Question: A diet for a sick person must contain at least 4000 units of vitamins, 50 units of minerals and 1400...

Question

A diet for a sick person must contain at least 4000 units of vitamins, 50 units of minerals and 1400 calories. Two foods X and Y are available at a cost of Rs. 4 and Rs. 3 per unit respectively. One unit of food X contains 200 units of vitamins, 1 unit of minerals and 40 calories, whereas one unit of food Y contains 100 units of vitamins, 2 units of minerals and 40 calories. Find what combination of X and Y should be used to have least cost. Also find the least cost.

Answer 1

Solution

We first assume the variables and then convert the given conditions into algebraic forms. We plot those inequalities in the graph to find the intersecting points. Using the least cost equation and those intersecting points we find the solution that satisfies all the conditions.
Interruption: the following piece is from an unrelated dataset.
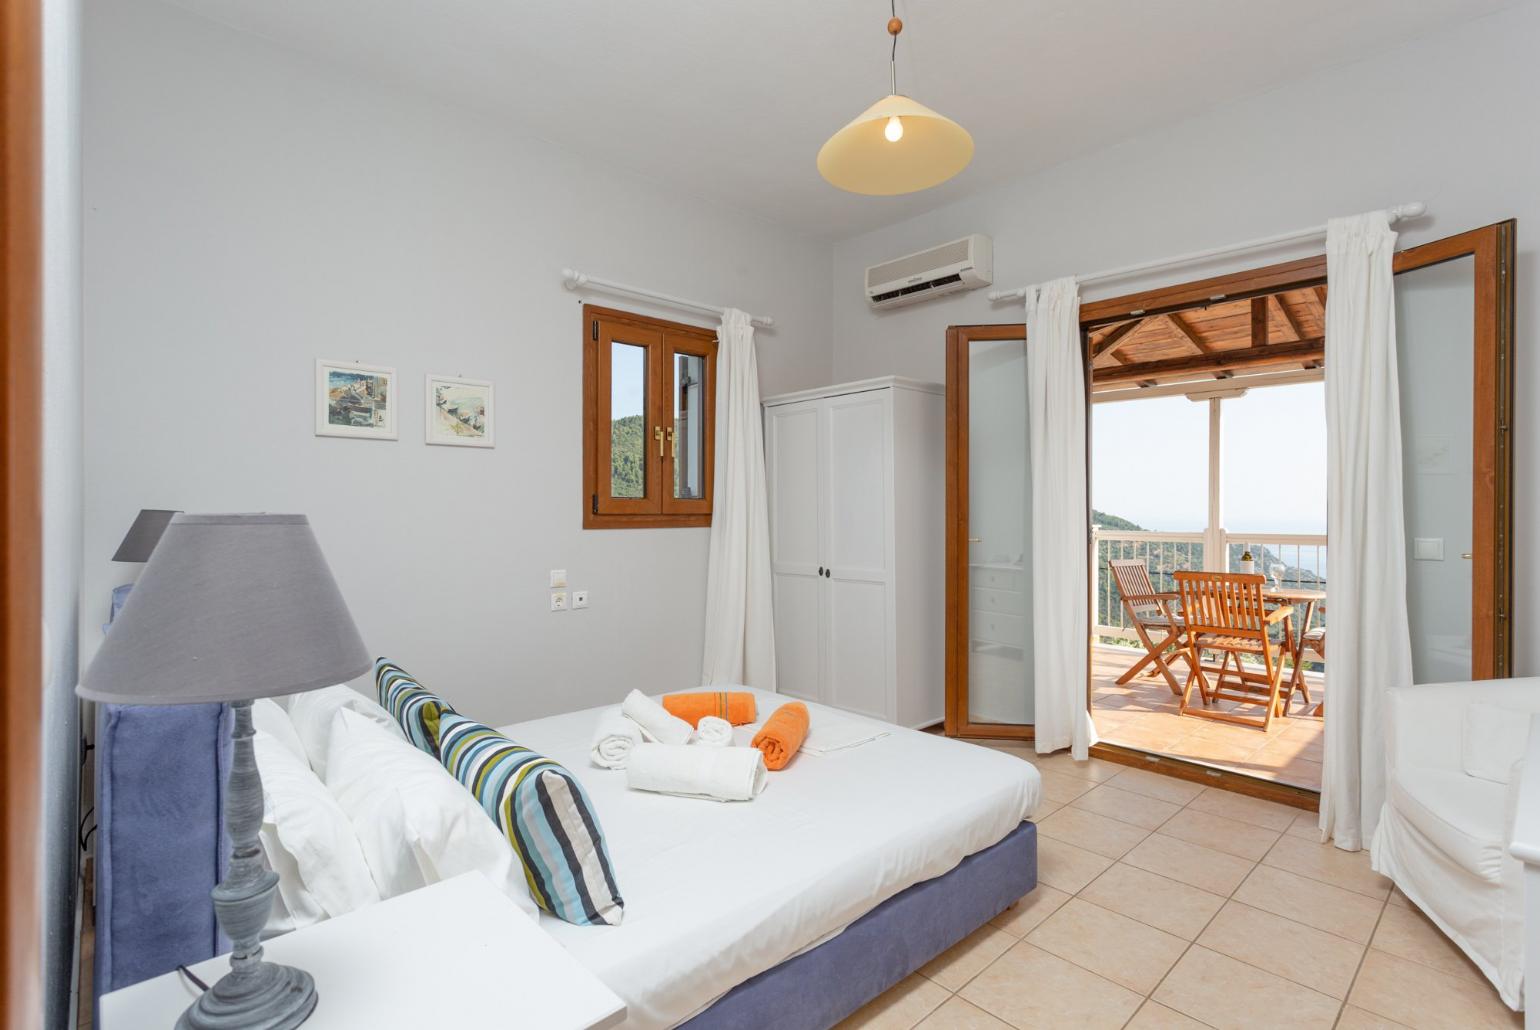 Double bedroom with A/C and balcony access with sea views

Complete step by step answer:
We need to find the combination of X and Y to have the least cost.
Let us assume that we need a combination of p units of X and q units of Y to have least cost.
Two foods X and Y are available at a cost of Rs. 4 and Rs. 3 per unit respectively.
So, total cost will be $c=4p+3q$ . We need to minimise the cost.
The given conditions are a sick person must have 4000 units of vitamins, 50 units of minerals and 1400 calories where one unit of the food X contains 200 units of vitamins, 1 unit of minerals and 40 calories, whereas one unit of food Y contains 100 units of vitamins, 2 units of minerals and 40 calories.
Forming the inequality for vitamins, we get $200p+100q\ge 4000$ .
Dividing with 100 and simplifying we get $2p+q\ge 40$ .
Forming the inequality for minerals, we get $p+2q\ge 50$ .
Forming the inequality for calories, we get $40p+40q\ge 1400$ .
Dividing with 40 and simplifying we get $p+q\ge 35$
We draw the lines on graph to get the intersecting points as $A\left( 0,40 \right)$ , $B\left( 5,30 \right)$ , $C\left( 20,15 \right)$ , $D\left( 50,0 \right)$ .
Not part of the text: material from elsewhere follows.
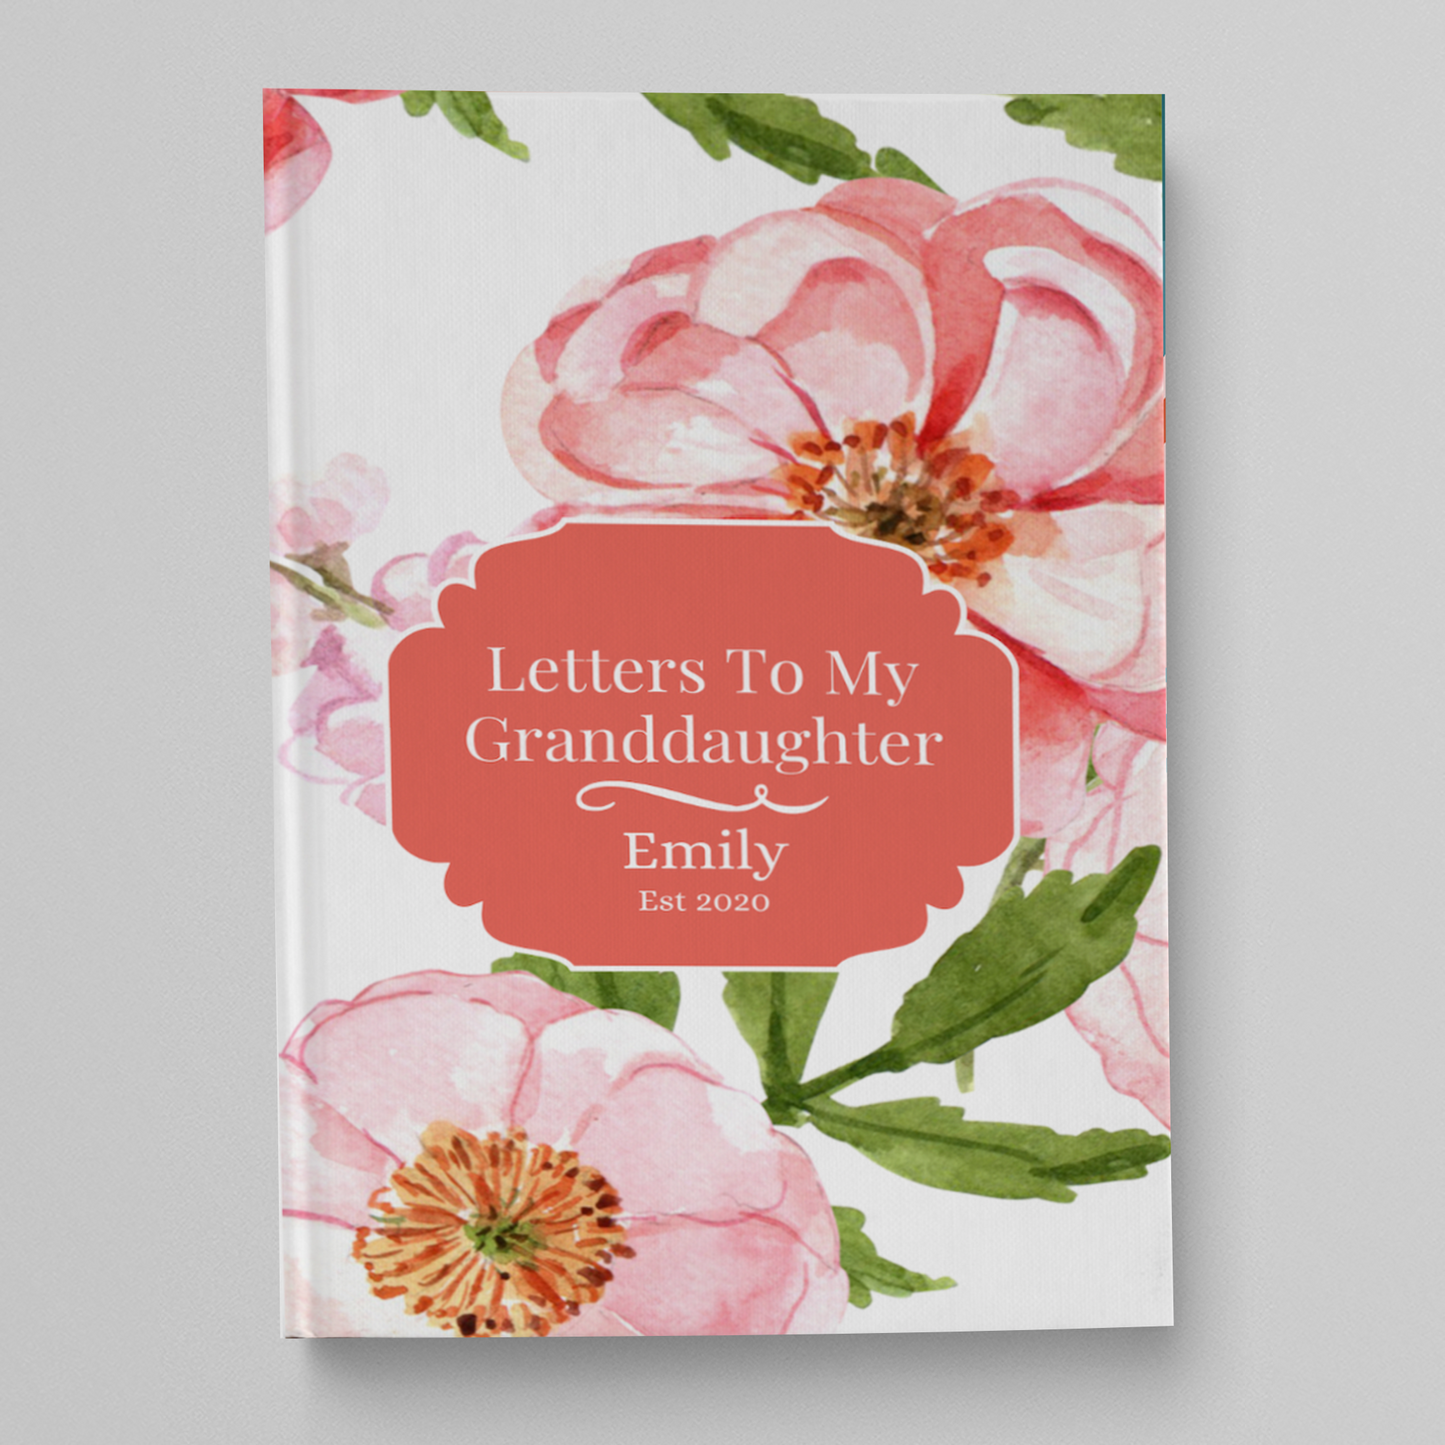 Letters To My Granddaughter Journal, Personalized Gift For Grandchild, Granddaughter Gift, First Time Grandma, Grandparent To Be Keepsake, Journal, Memory Book For Granddaughter - Luhvee Books

We find the minimum value possible for $c=4p+3q$ at those points.
At $A\left( 0,40 \right)$ we get $c=3\times 40=120$ .
At $B\left( 5,30 \right)$ we get $c=4\times 5+3\times 30=110$ .
At $C\left( 20,15 \right)$ we get $c=4\times 20+3\times 15=125$ .
At $D\left( 50,0 \right)$ we get $c=4\times 50=200$ .
So, the least value is achieved at $B\left( 5,30 \right)$ .
Therefore, the combination of X and Y that should be used to have the least cost is 5 and 30 units respectively. Also, the least cost is Rs. 110.

Note: We take the origin point in multiplications. We can use any point other than the ones that are on the line itself to find out the direction in which the required region is.
For example, we take the point $\left( -1,-1 \right)$ instead of $\left( 0,0 \right)$ . This does not satisfy the inequality $2p+q\ge 40$ where we get $-3\ge 40$ . The area goes to the opposite side.
This means we can take any arbitrary point and that will indicate the area accordingly.